Aryabhata used around 510 in the first chapter of Gitikapada of his book Aryabhatiya his own number system based on 100 by designating the numbers with syllables.

Coding table from Aryabhata

The vowels and so on indicate the powers of 100, those of Aryabhata so called Varga consonants ( Varga = "square") from to have the values ​​1 to 25 (for example ), and the remaining 8 Avarga consonants from to have the Values ​​30, 40,…, 100. The syllables with indicate the ones and tens, the syllables with the hundreds and thousands and so on, for example

,

and

.

Aryabhata's number system is not a position system, a number is written as the sum of its powers of hundreds. In addition, the system is not unique, for example is or . Aryabhata was well aware of these ambiguities, he even mentions the latter expressly, presumably because he wanted to enable more degrees of freedom for the representation of numbers in metric meter.

Remarkably, a zero is not even necessary in this system, missing sum terms are simply left out. Nevertheless, Aryabhata uses the word for "emptiness", "place" or "zero" in explaining his system , which is often taken as an indication that he already knew the decimal system with zero . However, it was not until a century after Aryabhata that his student Bhaskara I used our current decimal system with the first nine Brahmi digits and the zero for the first time in his commentary on Aryabhatiya from the year 629 . Aryabhata's code remained without further mathematical applications and is therefore rather a marginal phenomenon in terms of mathematical history, but its influence on our current number system was probably significant.

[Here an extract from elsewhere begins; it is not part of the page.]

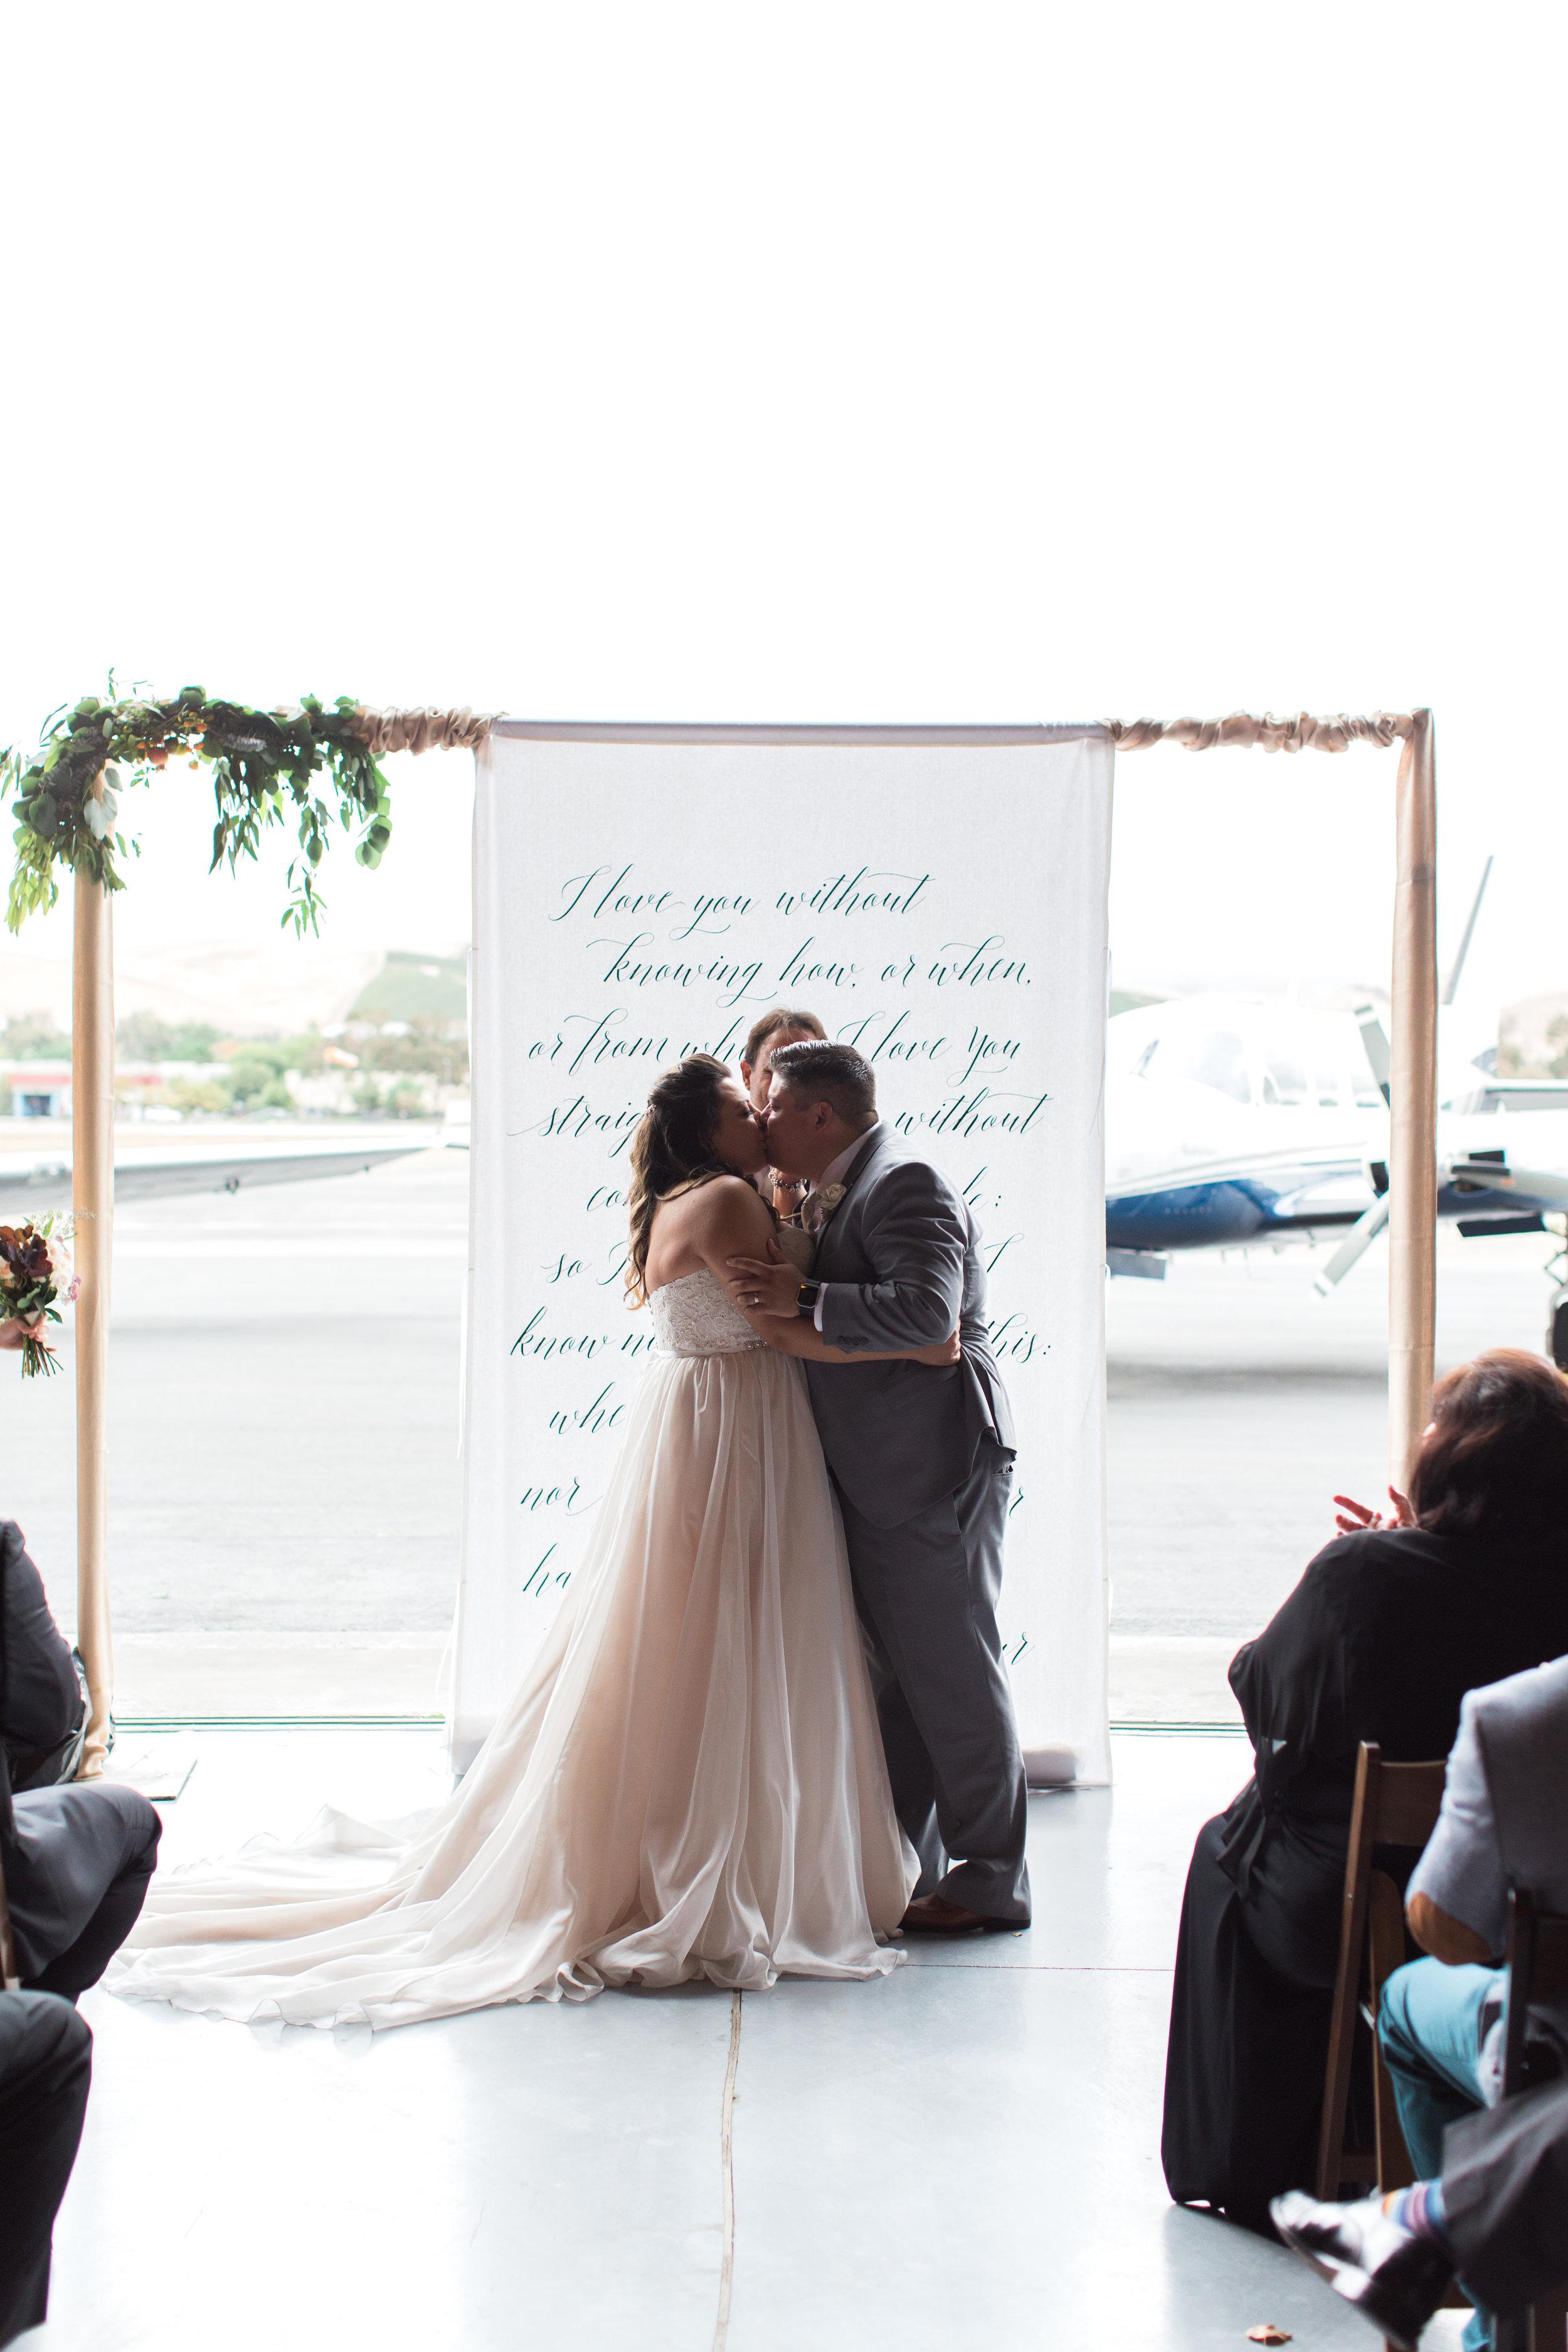 airport-hanger-wedding-at-attitude-aviation-in-livermore-66.jpg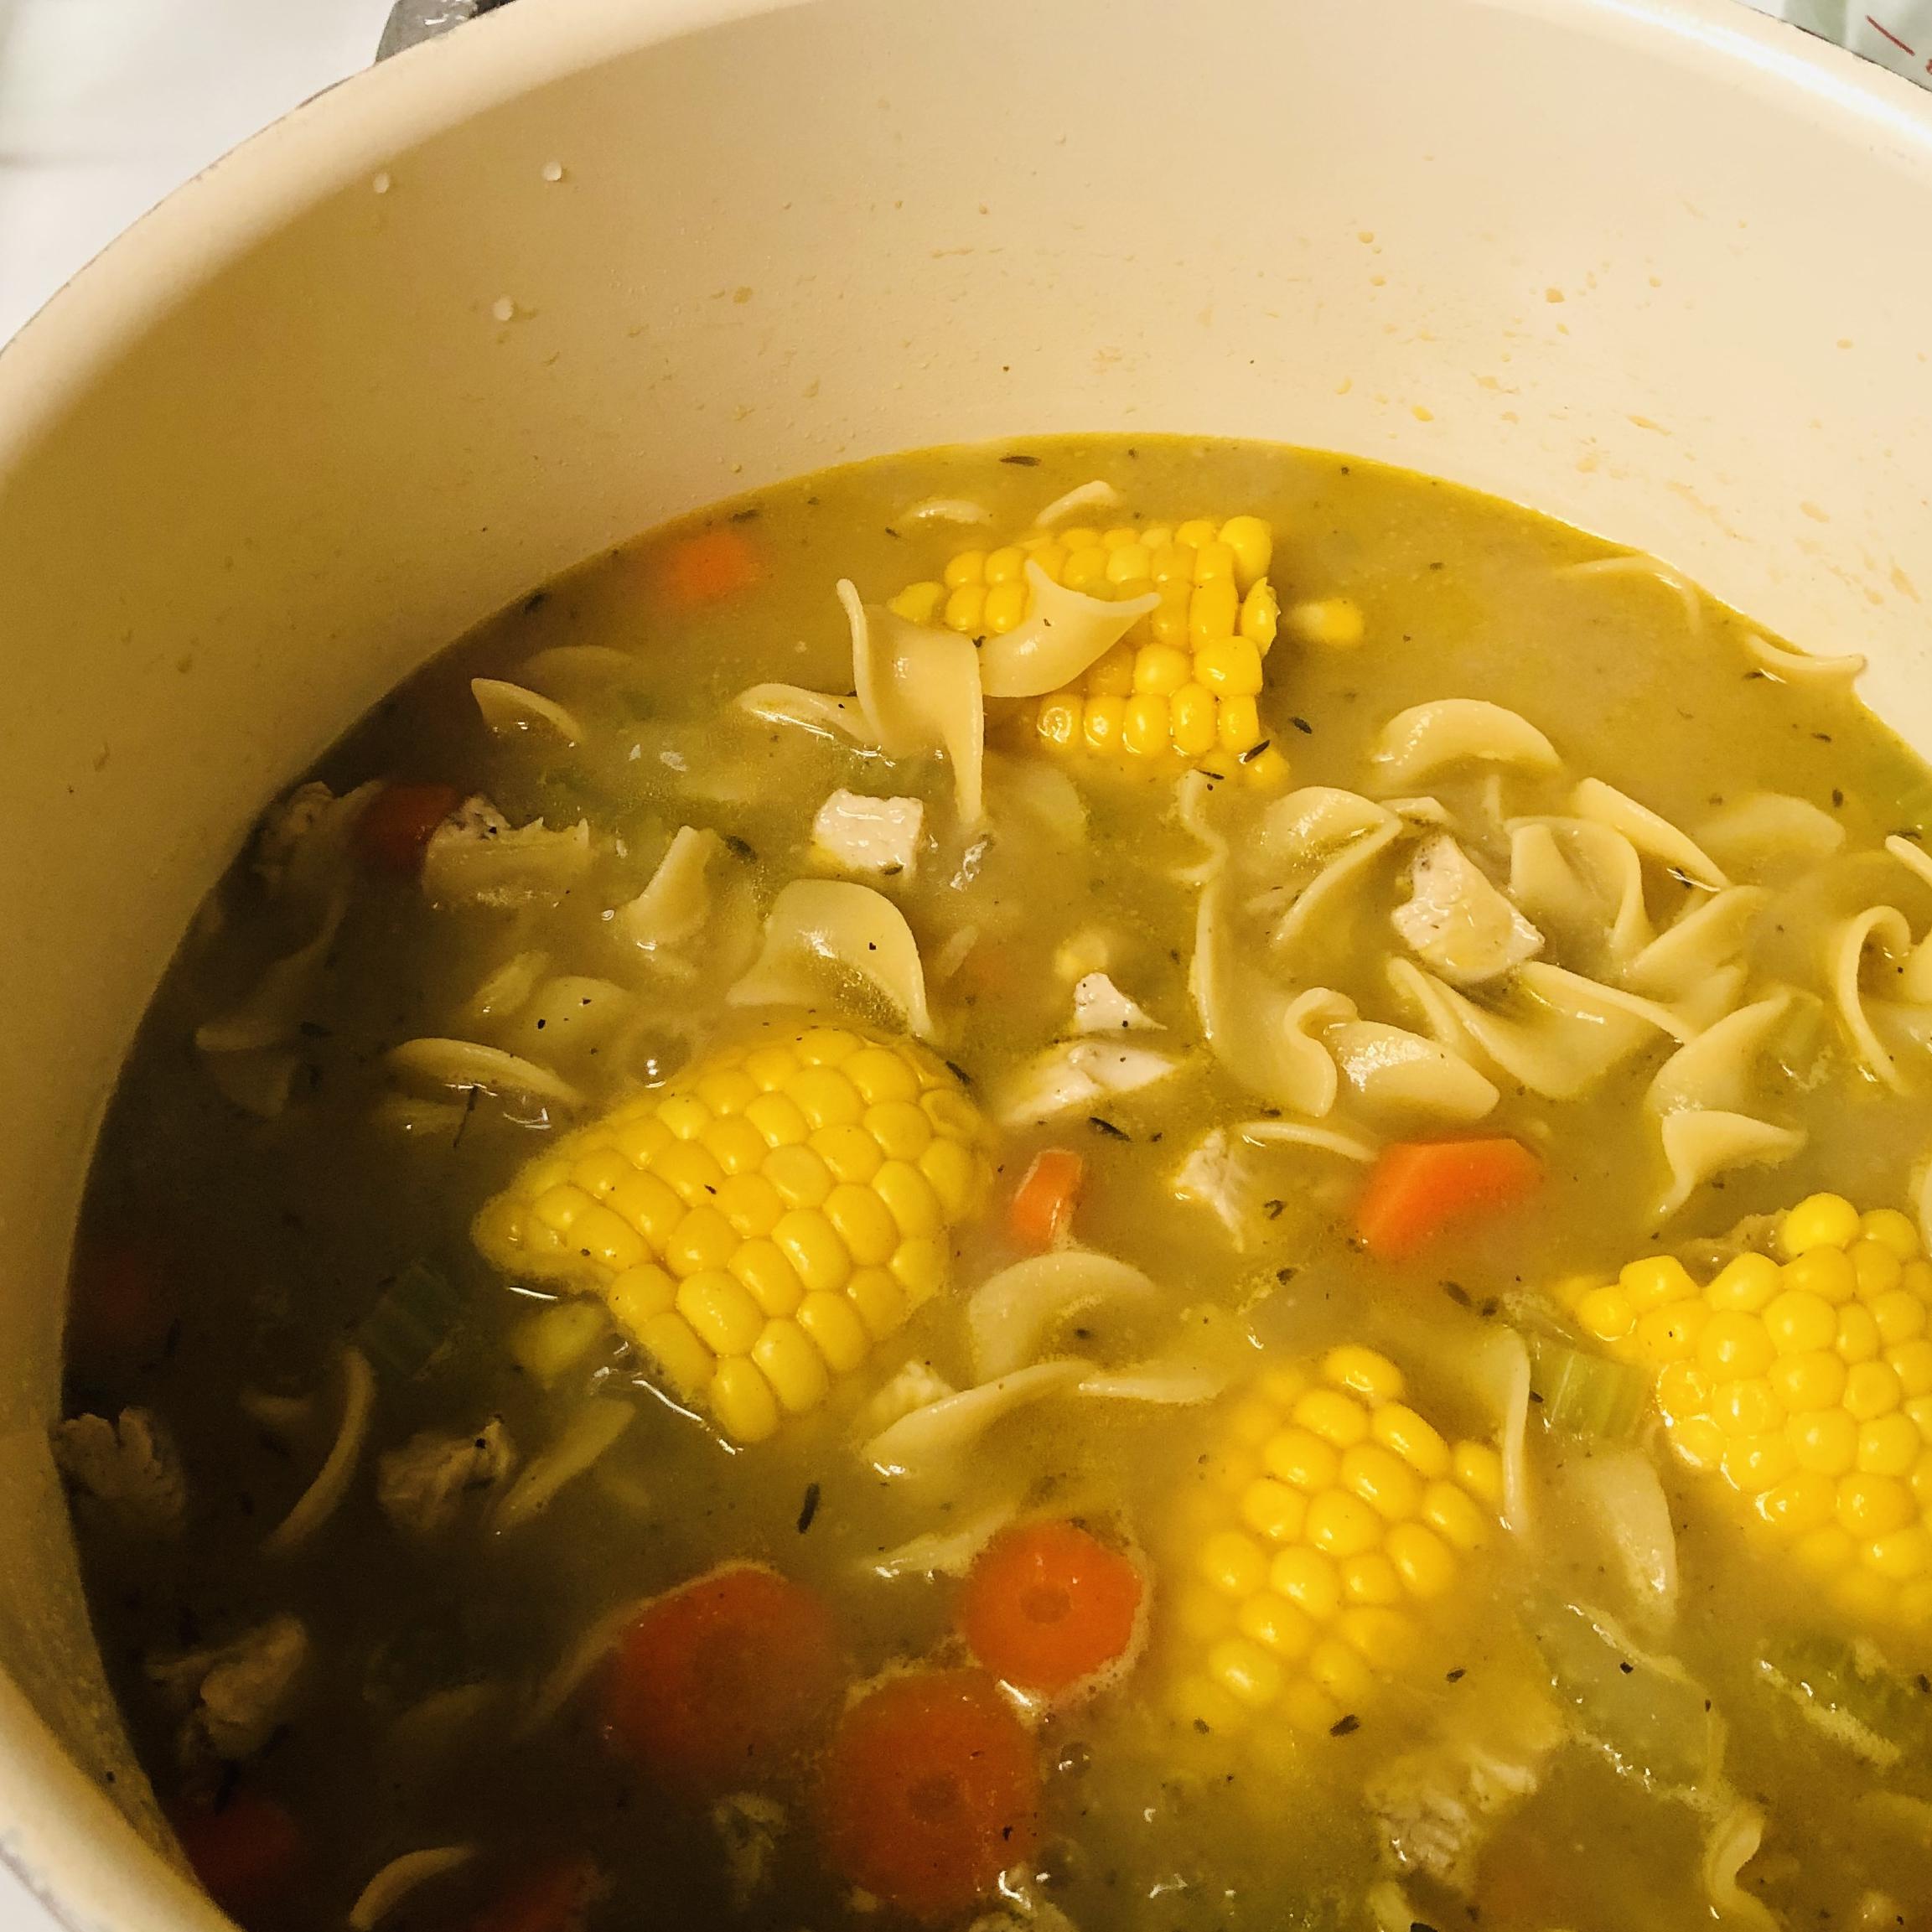 Chef John's Homemade Chicken Noodle Soup Juani Loor

Reasons to develop the code

One can only speculate about Aryabhata's reasons for developing his number system. The numbers formed by the letters are not easy to understand at first and also had to be translated into common numerals by the ancient Indians. The system is also hardly suitable for efficient calculation, and some of the sound combinations are pronounced tongue twisters. The following advantages of the code are mentioned in the literature:

  • Due to the different display options, the numerals can be incorporated into the metric verse relatively easily, which is hardly possible with fixed numerals.
  • Large numbers are represented by relatively short sequences of letters. For example, Aryabhata represents the number of sidereal solar orbits of a yuga as
khyughṛ = (2 + 30) ⋅ 10 4 + 4 ⋅ 10 6 = 4,320,000 .
  • With the aryabatic number system it is relatively easy to carry out approximation methods for taking the square root and the cube root ; they are essentially based on the binomial formulas

literature

  • Kurt Elfering: The Mathematics of Aryabhata I. Text, translation from Sanskrit and commentary . Wilhelm Fink Verlag, Munich 1975, ISBN 3-7705-1326-6 .
  • Georges Ifrah: Universal History of Numbers . Campus Verlag, Frankfurt a. M./New York 1986, ISBN 3-593-34192-1 .
  • Bartel Leendert van der Waerden : Awakening Science. Egyptian, Babylonian and Greek mathematics . 2nd Edition. Birkhäuser-Verlag, Basel / Stuttgart 1966, ISBN 3-764-30399-9 .

Individual evidence

  1. Georges Ifrah: Universal History of Numbers . Campus Verlag, Frankfurt a. M./New York 1986, ISBN 3-593-34192-1 , p. 449.
  2. Bartel Leendert van der Waerden : Awakening Science. Egyptian, Babylonian and Greek mathematics . 2nd Edition. Birkhäuser-Verlag, Basel / Stuttgart 1966, ISBN 3-764-30399-9 , p. 90.
  3. ^ Kurt Elfering: The Mathematics of Aryabhata I. Text, translation from Sanskrit and commentary. Wilhelm Fink Verlag, Munich 1975, ISBN 3-7705-1326-6 , p. 34.
  4. ^ Kurt Elfering: The Mathematics of Aryabhata I. Text, translation from Sanskrit and commentary. Wilhelm Fink Verlag, Munich 1975, ISBN 3-7705-1326-6 , pp. 52ff, 62ff.